When Minnesota State athletic director Kevin Buisman described the landscape of college hockey as “very volatile” on Wednesday, he wasn’t kidding.

Citing unnamed sources, the Grand Forks (N.D.) Herald reported on Thursday that, after much speculation, five schools will be leaving the Western Collegiate Hockey Association to form a startup conference that will begin play in the 2013-14 season.

The teams include North Dakota, Denver, Colorado College, Minnesota Duluth and Nebraska-Omaha. Miami (Ohio) from the Central Collegiate Hockey Association will also be in the league, the report said, and there remains a possibility that CCHA members Notre Dame and Western Michigan could join them.

The Herald reported that an official announcement could take place Wednesday in Colorado Springs, Colo., where Colorado College is based.

Buisman made is “volatile” remark when responding to reports that discussions of a possible new conference were taking place. When reached on Thursday, he was surprised to learn that reports out of Grand Forks, Duluth and Omaha, Neb., were already calling it a done deal.
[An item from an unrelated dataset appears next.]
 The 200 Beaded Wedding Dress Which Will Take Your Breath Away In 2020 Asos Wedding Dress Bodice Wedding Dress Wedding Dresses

“I don’t quite understand what the urgency is,” Buisman said.

With the Big Ten also starting hockey in 2013-14 and taking away Minnesota and Wisconsin, the WCHA will be left with just five teams — one shy of what is needed to earn an automatic berth into the NCAA tournament. They include: Minnesota State, St. Cloud State, Bemidji State, Michigan Tech and Alaska-Anchorage.
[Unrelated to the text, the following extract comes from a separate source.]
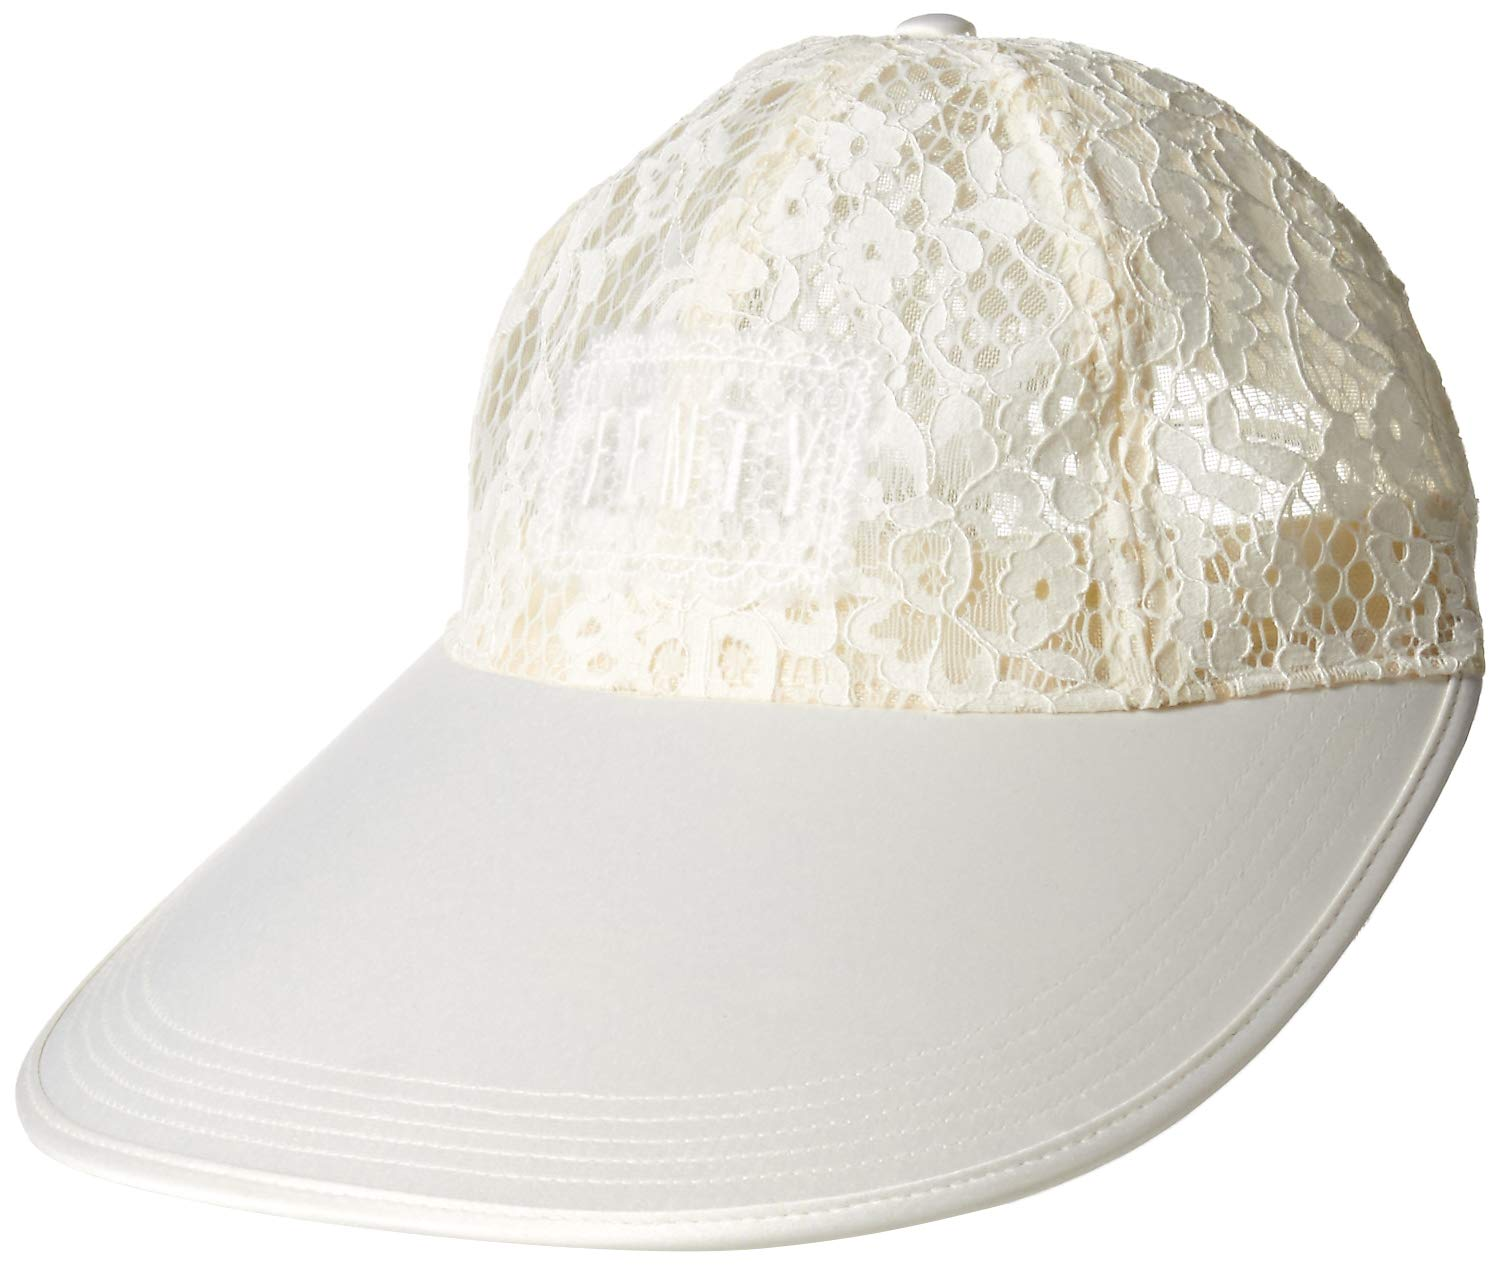 PUMA Women's Fenty Oversized Visor Cap, Vanilla ice, Adult

Buisman reiterated that the schools “committed to a future in the WCHA” have had talks pertaining to the formation of a breakaway league — called a “Super League” by some — including a conference call on Thursday. However, he said, the latest discussion was not sparked by the Herald’s report.

“We’ve talked three times over the last two weeks,” Buisman said. “We’re sharing information and trying to stay informed. ... We’re  not sitting back and not do anything. We’ve been taking this very seriously.”

Buisman said that talks have included possible contingency plans, but he wasn’t prepared to talk about what those plans might include.

WCHA spokesman Doug Spencer told The Associated Press the conference is aware of the reports but will “reserve comment” until “the league feels it is appropriate.”

Officials from the five remaining WCHA schools are expected to meet next week to discuss their future.

Minnesota State head coach Troy Jutting declined to comment on the reports.

“I don’t involve myself with speculation,” Jutting said.

North Dakota athletics director Brian Faison declined to comment, through a school spokesman. Minnesota Duluth athletics director Bob Nielson didn’t immediately return messages seeking comment.

Denver spokesman Erich Bacher said the university is exploring its options. Head coach George Gwozdecky told the Denver Post Thursday the Pioneers want to be aligned with schools of “like-minded thinking” and operations.

Gwozdecky told the newspaper Denver has been involved in realignment discussions but its intention “is to continue to be a strong partner with the other members of the WCHA while process continues.”

The WCHA won’t be the only conference depleted by the Super League. With Miami and Big Ten schools Michigan, Michigan State and Ohio State out in two years and the possibility of Notre Dame and Western Michigan leaving, the CCHA also will be down to five: Northern Michigan, Lake Superior State, Ferris State, Bowling Green and Alaska (Fairbanks).

There has been speculation that the remaining teams from the two conferences could merge. Alabama-Hunstville, an independent Division I program, is also in search of a conference.

The WCHA was formed in 1951 with Colorado College, Denver, Michigan, Minnesota, Michigan State and Michigan Tech. Teams have been added and subtracted since then, with Minnesota State joining in 1999. Last year, Nebraska-Omaha and Bemidji State made it a 12-team league for the first time, and in April, Minnesota Duluth captured the league’s 37th national championship.

But with seven teams leaving in two years, the future of one of college hockey’s most storied conferences is unclear.

This story contains information from The Associated Press.